Maddux Chase Trujillo (born April 12, 2003) is an American professional football kicker. He played college football for the Austin Peay Governors and Temple Owls. He has had stints with the Indianapolis Colts and Buffalo Bills during offseason practices.

==Early life==
Trujillo attended Flowery Branch High School in Flowery Branch, Georgia. He committed to play college football for the Austin Peay Governors.

==College career==
During his three year career at Austin Peay from 2021 through 2023, Trujillo converted on 38-of-54 field goal attempts. He was a three-time all-conference selection at Austin Peay. After the 2023 season, Trujillo entered his name into the NCAA transfer portal.

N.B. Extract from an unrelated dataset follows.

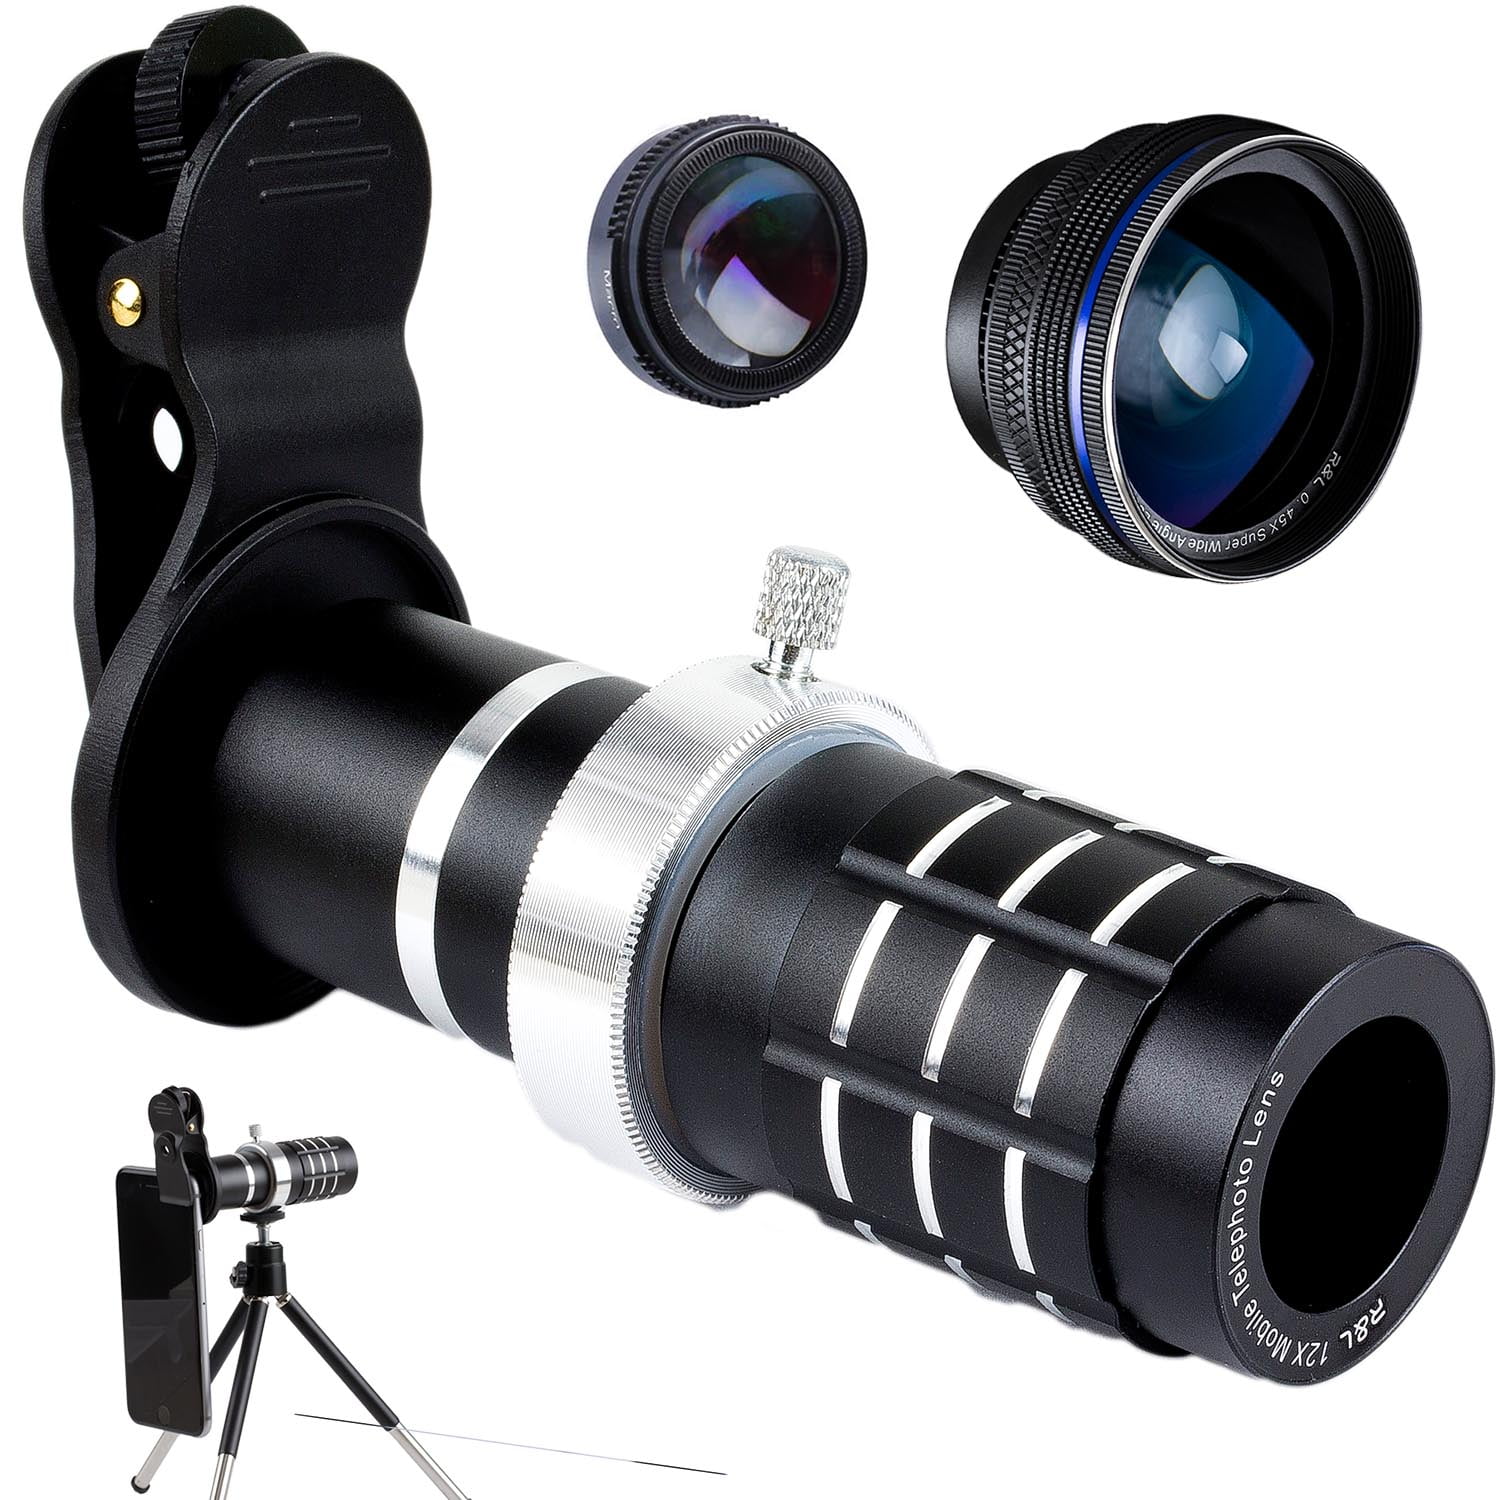 Smartphone Camera Fisheye Lens HD Macro Lens Wide Angle Lens with Tripod Compact Monocular for Bird Watching/Concert Travel 95 100x90 Monocular Telescope Cell Phone Lens Kit A

Trujillo transferred to play for the Temple Owls. In week 4 of the 2024 season, he made a 64-yard field goal in a win over Utah State, which set the record for the longest field goal in both Temple history and Lincoln Financial Field history. For his performance, Trujillo was named the AAC special teams player of the week. In week 12, he made four field goals, including a walk-off 39-yard field goal against FAU. Trujillo finished the 2024 season, converting on all 21 extra point attempts, while also making 16 of 22 field goal attempts, with five field goals from 50+ yards. After the season, he declared for the 2025 NFL Draft.

==Professional career==

Pre-draft measurables
| Height | Weight | Arm length | Hand span | Wingspan |
| 6 ft 0+3⁄8 in (1.84 m) | 172 lb (78 kg) | 30+3⁄4 in (0.78 m) | 10 in (0.25 m) | 6 ft 2+3⁄4 in (1.90 m) |
All values from Pro Day

===Indianapolis Colts===
After not being selected in the 2025 NFL draft, Trujillo signed with the Indianapolis Colts as an undrafted free agent. Heading into the 2025 season, he competed with Spencer Shrader for the Colts starting kicker job. He was waived on August 26 with an injury designation as part of final roster cuts.

===Buffalo Bills===
On January 6, 2026, Trujillo signed a reserve/future contract with the Buffalo Bills. He was waived by the Bills on May 12.